Challenges I ran into

  • Unity Editor Licensing on GCE: Successfully enabling headless Unity builds on a cloud VM required significant configuration and troubleshooting.
  • Windows Service Robustness: Building a reliable PowerShell script that could run continuously as a Windows Service (using NSSM, the Non-Sucking Service Manager) and handle Pub/Sub message decoding, argument parsing, and command execution proved complex, requiring careful debugging of gcloud commands and string manipulations.
  • Natural Language Precision: Accurately translating complex natural language queries (e.g., "Build the game in test mode on main at commit...") into precise Git operations and Unity commands, including intelligent commit log validation and "latest commit" resolution, proved difficult.
  • GCS Authentication & Caching: Implementing seamless and secure caching of Unity builds in GCS, along with generating signed URLs for downloads, involved overcoming authentication complexities and pathing issues (so many pathing issues).
  • Asset Pipeline Integration: The Artist Pipeline stretch goal required a nuanced approach to asset handling, ensuring user-uploaded .glb files were temporarily placed, processed into Unity Asset Bundles, uploaded to GCS, and made loadable by a running game without polluting the main Git repo or requiring full game rebuilds.
  • ADK Library Modification: To add UI components to the web frontend that comes packaged with ADK, I had to make a copy of the ADK library specifically for my project. However, my Docker container kept defaulting to the ADK package in my requirements.txt, so I had to do a bit of unloading and reloading of packages and environment variables in my Dockerfile.

What I learned

  • Google ADK: Gained hands-on expertise in designing, building, and deploying multi-agent systems with ADK and the Gemini model.
  • Advanced Unity Automation: Mastered headless Unity builds, asset bundle generation, and dynamic build scripting.
  • Cloud Infrastructure for GameDev: Learned practical deployment and management of Unity build pipelines on Google Cloud Platform (GCE, Pub/Sub, GCS, Cloud Run).
  • Robust Windows Service Development: Acquired skills in creating and troubleshooting persistent background services on Windows using PowerShell and NSSM.
  • Complex System Integration: Understood the intricacies of integrating disparate systems (AI agents, Git, Unity Editor, cloud services) into a cohesive, automated workflow.
  • Problem-Solving for Edge Cases: Experienced and resolved numerous real-world challenges related to file permissions, network access, environment variables, and authentication in automated cloud environments.

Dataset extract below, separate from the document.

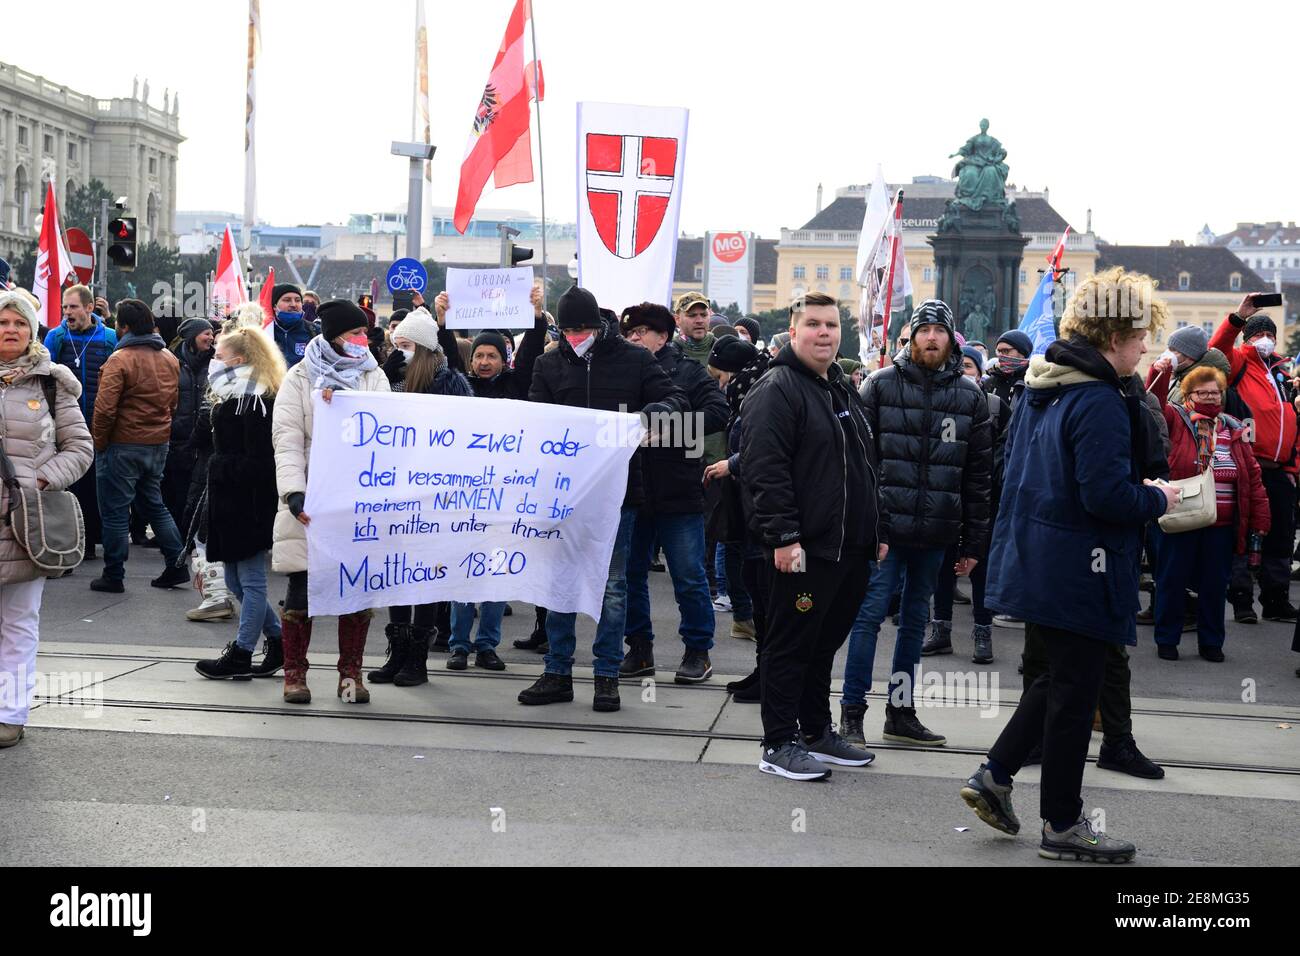 31 gennaio 2021. Vienna, Austria. Una manifestazione anti corona non registrata con diverse migliaia di persone è stata circondata e distretta dalla polizia. Foto Stock

What's next for DevFlow.ai

I'd like to add more natural language integration with Git, so that prompts like "Build Sarah's latest changes" will work. I'd also like to experiment more with workflow agents and see if I can get my Pub/Sub listener in the ADK app running in a more agentic way. It would be ideal if I could get it to respond to the incoming build notifications and start the process of generating signed download urls on its own. Thirdly, I want to invest additional time into writing test suites and adding better support for edges cases like build failures, lost messages, and invalid GCS pathing.